Es läuft gut. Absehbar. Warum werden die Bauern im Yunnan-Guizhou-Hochland durchschnittlich 102,5 Jahre alt? Warum sind die Massai bei Frauen so beliebt und bekommen rudelweise Kinder? Irgendwie dünkt es jedem. Weil die Naturvölker nicht ständig Lafers Schnitzel und Schuhbecks Weißwurstsalat essen, sondern sich traditionell von den Früchten der Natur ernähren. Dazu zählen vor allem Kräuter. Sie verlängern und verbessern das Leben und andere Dinge, so der hoffnungsvolle Glaube der Stadtvölker. Kein Wunder also, dass Rudis Wandertour mit Bergkräuterkunde immer gut besucht war. Den zunehmenden Überhang an weiblichen Gästen bekämpfte Rudi erfolgreich mit dem Werbezusatz Schnapsverkostung auf der Edelweiß Hütt’n. Die aparte Erscheinung der Skilehrerin und Triathletin Marianne Krumschmied tat ein Übriges, auch die Männer von der zugegeben langweiligen Wandertour zu überzeugen. Rudi hat sich für eine 12 km lange Tour, ausgehend vom Ort Tegernsee über Gindelalmschneid und Kreuzbergköpfel, entschieden. Auch alkoholbedingte Geschwindigkeitsbeschränkungen eingerechnet, dauert die Tour einen knappen halben Tag, sodass ausreichend Zeit für einen ausgiebigen Aufenthalt beim Krumschmied Sepp in der Edelweiß Hütt’n bleibt. Natürlich musste er vorher die Tour mit Marianne abstimmen, weil sie die wundersamen Kräuter finden musste. Das Almgebiet Neureuth ist eine gute Wahl, lautete ihr fachkundiges Urteil.

Einen schlechten Wanderweg gibt es ohnehin nicht. Dafür ist das Tegernseer Tal zu üppig bestückt mit Schönheiten der Natur, die Touristen jedes Jahr in Scharen anlocken: saftige Wiesen und Wälder, blaue Berge, ein glitzernder See, urige Hütten und bayrische Vorzeigedörfer wie Tegernsee und Rottach-Egern. Die Landschaft um den Tegernsee besaß schon immer eine magische Anziehungskraft. Deshalb wohnten und wohnen hier Ludwig Erhard, Gunter Sachs, Uli Hoeneß, Hubert Burda, aber auch viele ungeliebte russische Oligarchen. Auch die Benediktinermönche siedelten sich hier an, um dem Ziel ihres Ordenslebens, der Suche nach Gott, näherzukommen, tja, der war offensichtlich auch hier, und seit 1817 das Königshaus der Wittelsbacher, vermutlich mehr aus weltlichen Gründen.

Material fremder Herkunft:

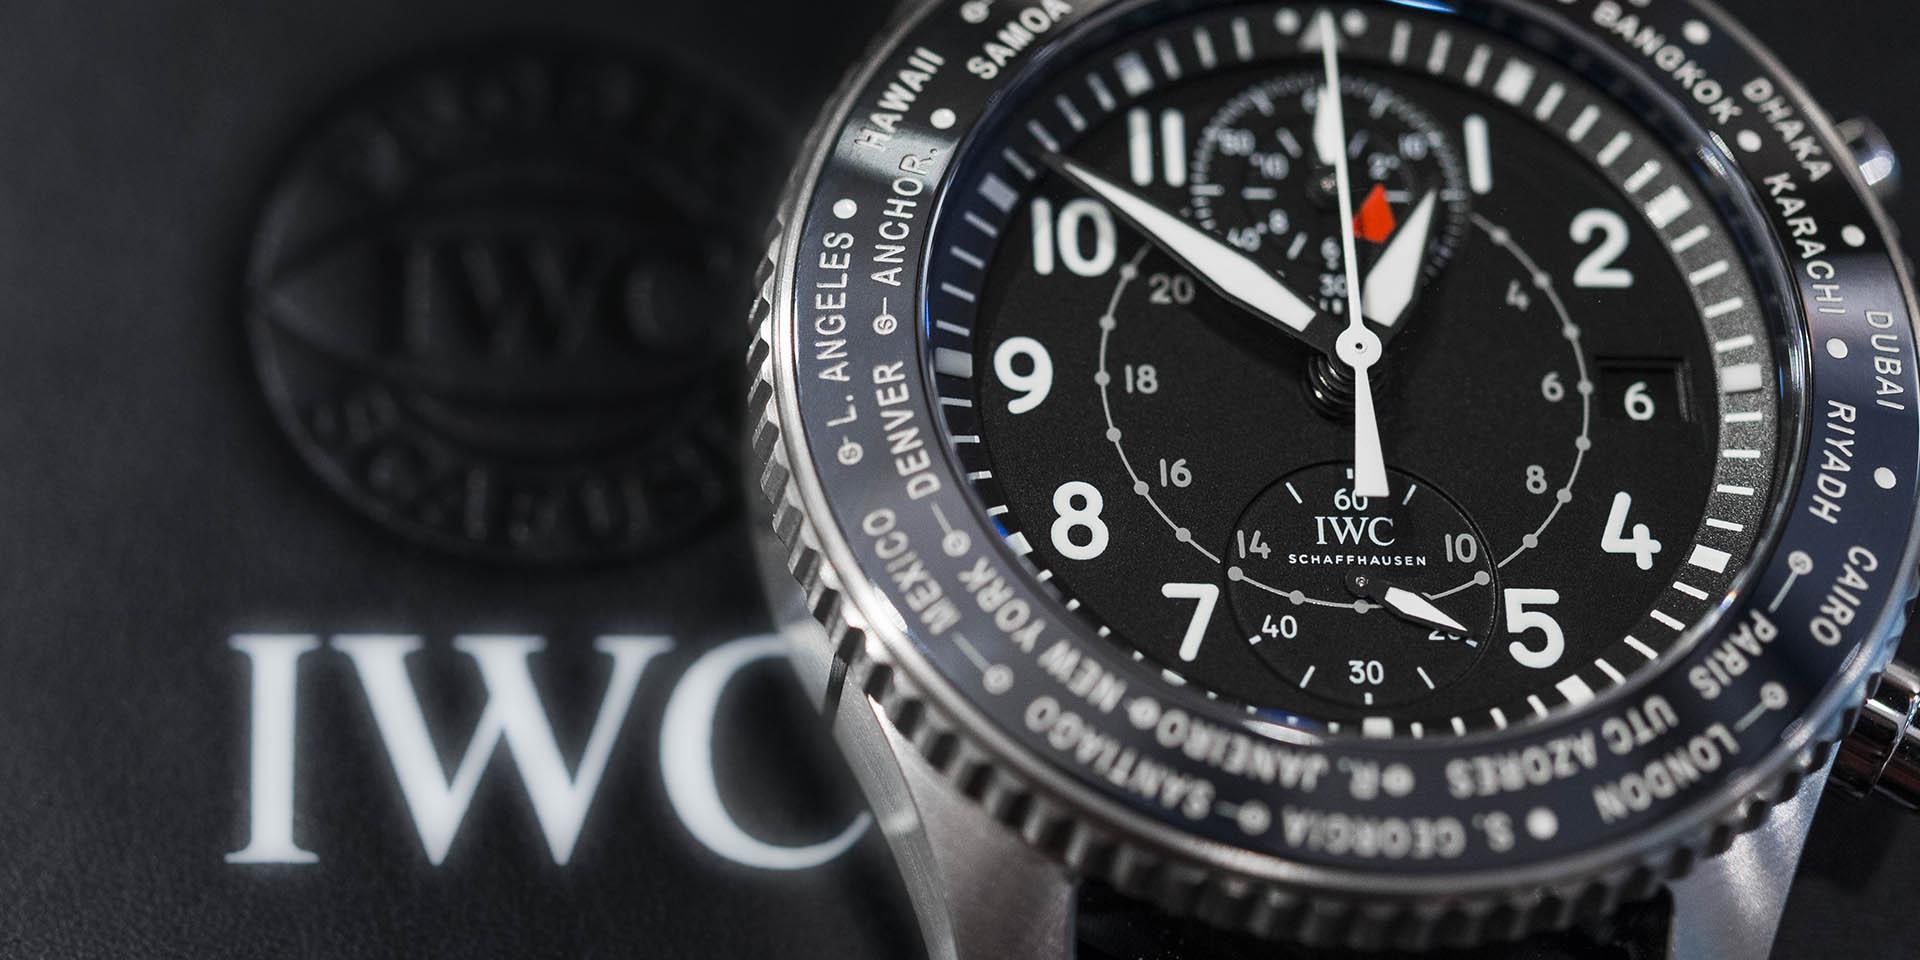 iwc-timezoner-chronograph-iw395001.jpg

Die repräsentative bayrische Kulisse, die Kulinarik der ansässigen Gastronomie, aber vor allem die Nähe zu München machen den Tegernsee zum ständig strapazierten Ausflugsort für Staatsgäste. Wem das noch nicht reicht, der kann sich auf Dutzenden von See- und Waldfesten vergnügen. Ab Mitte Juni bis Ende September gibt es die krachledernen Veranstaltungen überall rund um den See.

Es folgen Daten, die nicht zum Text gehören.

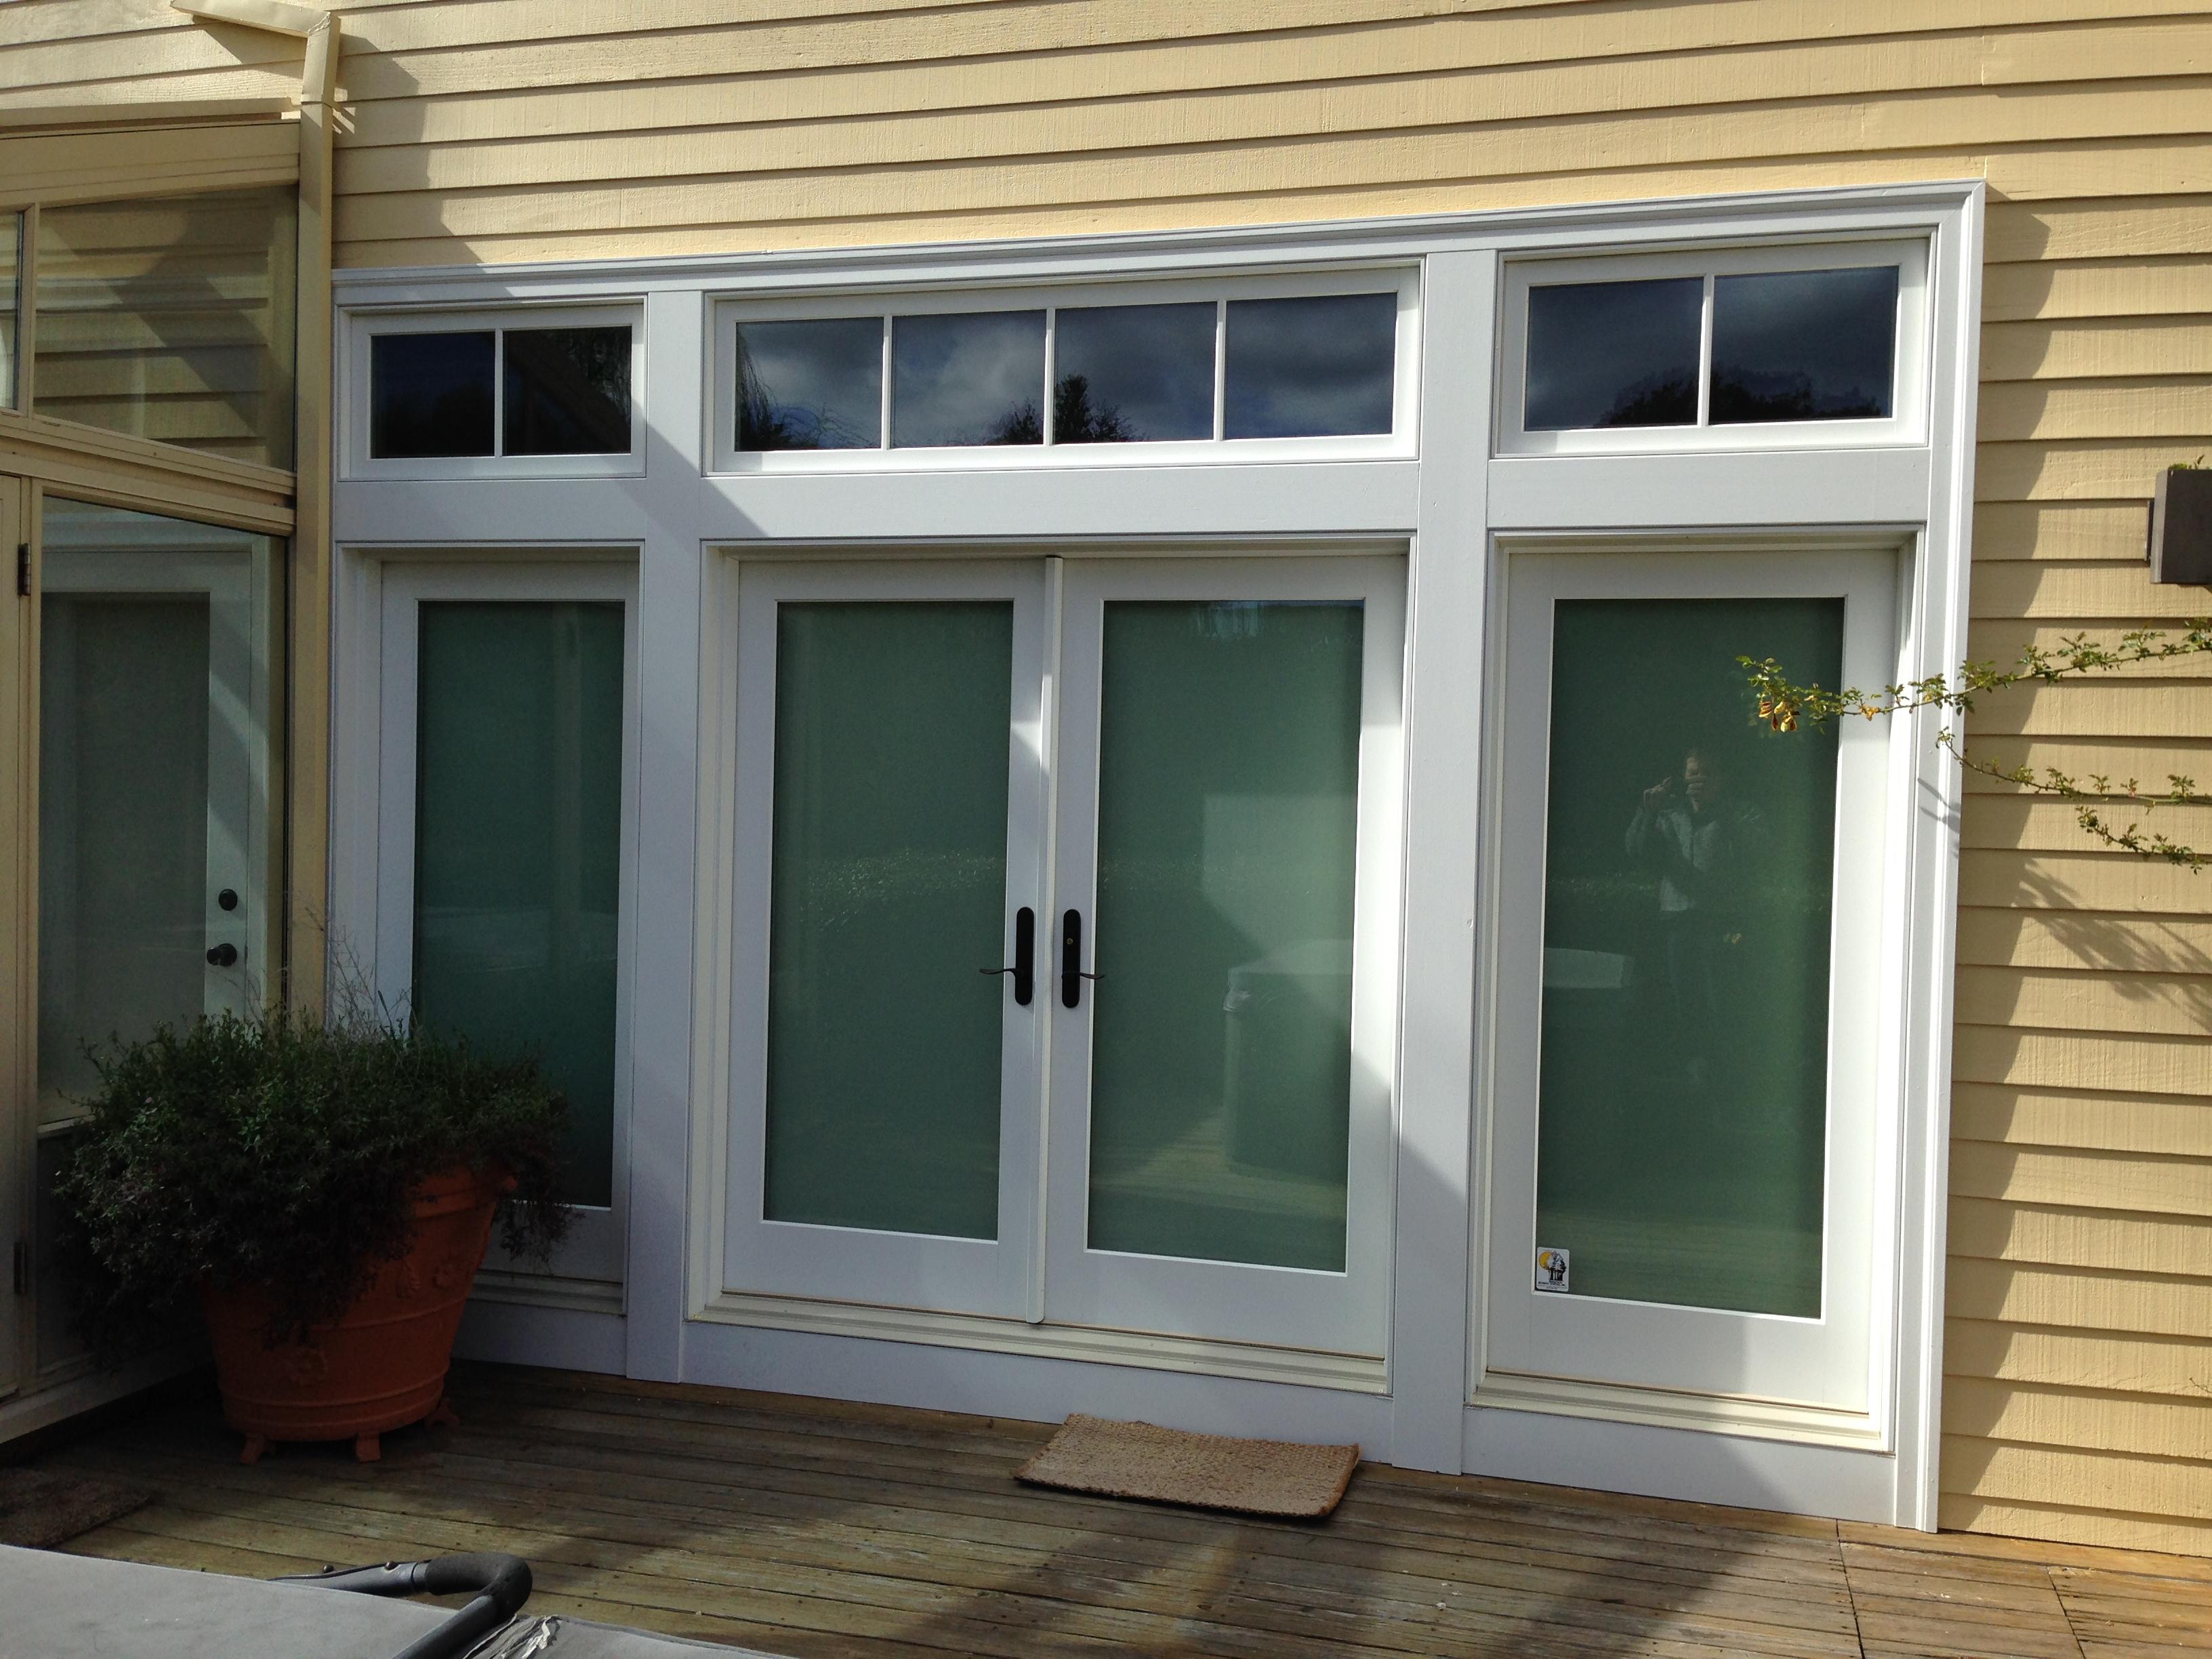 2448 #8F763C Marvin Clad Inswing Door Marin Glass And Windows Blog save image Clad Doors 47573264

So lässig hatte Rudi sein Geld bisher nicht verdient. Es ist ohnehin nur ein kleines Zubrot, denn sein Einkommen schöpft er aus seinem Geschäft für Profi-Bergsport­ausrüstung in Oberaudorf. Zu seinen Kunden zählen Bergsteiger, Freeclimber, auch die lokale Bergrettung kauft ihre Ausstattung in Rudis Bergwelt.

Innerlich zerrissen taxiert er die Reflexion im Spiegel seiner 2-Zimmer-Wohnung in Rottach-Egern. Das Apartment ist klein, mit 39 Quadratmetern aber soweit ausreichend, immerhin mit Südbalkon, den er weidlich nutzt, abends bei einem Glas Valpolicella und Speckbrot. Versöhnlich ist auch der imposante Ausblick auf den Wallberg und die Drachen- und Gleitschirmflieger, die mit bunten Segeln den Abendhimmel verzieren. Aber es reicht alles nicht, um seiner bergweltverwöhnten Seele ein Gefühl der Zufriedenheit zu geben.

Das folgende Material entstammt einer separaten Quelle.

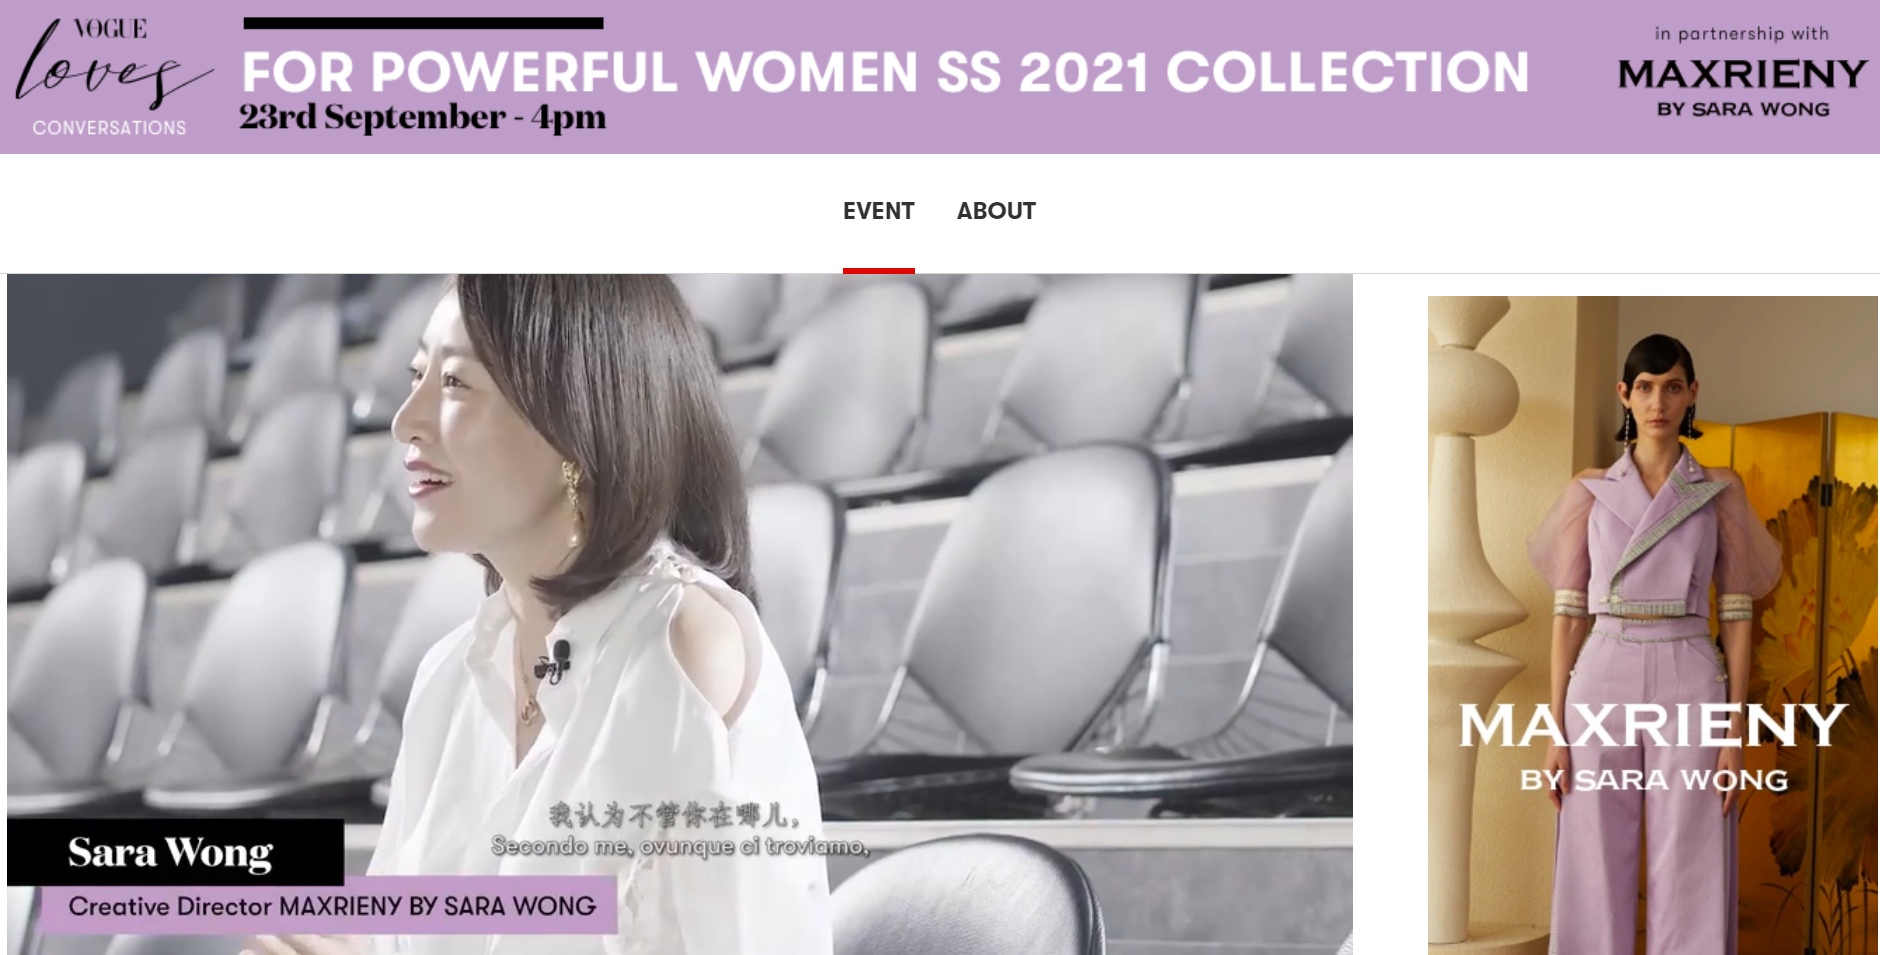 MAXRIENY BY SARA WONG - Benedetta Malavasi - Italy - Vogue Loves Conversation - Sponsor 1

Den Ort Rottach-Egern hat er gut gewählt. An der Süd­spitze des Sees ist er in wenigen Minuten im Tegernseer Bräustüberl am Westufer oder in der Saurüsselalm am Ostufer oder in der südlich gelegenen Weißach-Alm zum Entenessen. Manchmal wird Rudi auch vom Gröschl Andreas zu einer Heißluftballonfahrt eingeladen, wenn grad ein Platz frei ist. Der Startplatz ist praktisch um die Ecke. Praktisch deshalb, weil Ballooning immer sehr früh losgeht, um den südlichen Fallwind vom Risserkogel in etwa zweihundert Metern Höhe aufzuspüren, der den Ballon lautlos über die gesamte Länge des Tegernsees schiebt. Ob er sich an seine diesjährige Sportbekleidung gewöhnen wird, ist mehr als fraglich. Was er im Spiegel sieht, ist nicht Rudi: Lederbundhose mit Hosenträger, kariertes Baumwollhemd und Trachtenjanker. So sieht vielleicht der Vorplattler der Wallberger Trachtengruppe aus, aber nicht ein Alpinsportler. Nur gut, dass ihn so seine Brüder nicht sehen, obwohl er eine stramme Figur macht und gut von den folkloristisch verkleideten Touristen zu unterscheiden ist. Aber tief in seinem Inneren spürt er, dass er fremdgeht und seine alpine Seele verrät.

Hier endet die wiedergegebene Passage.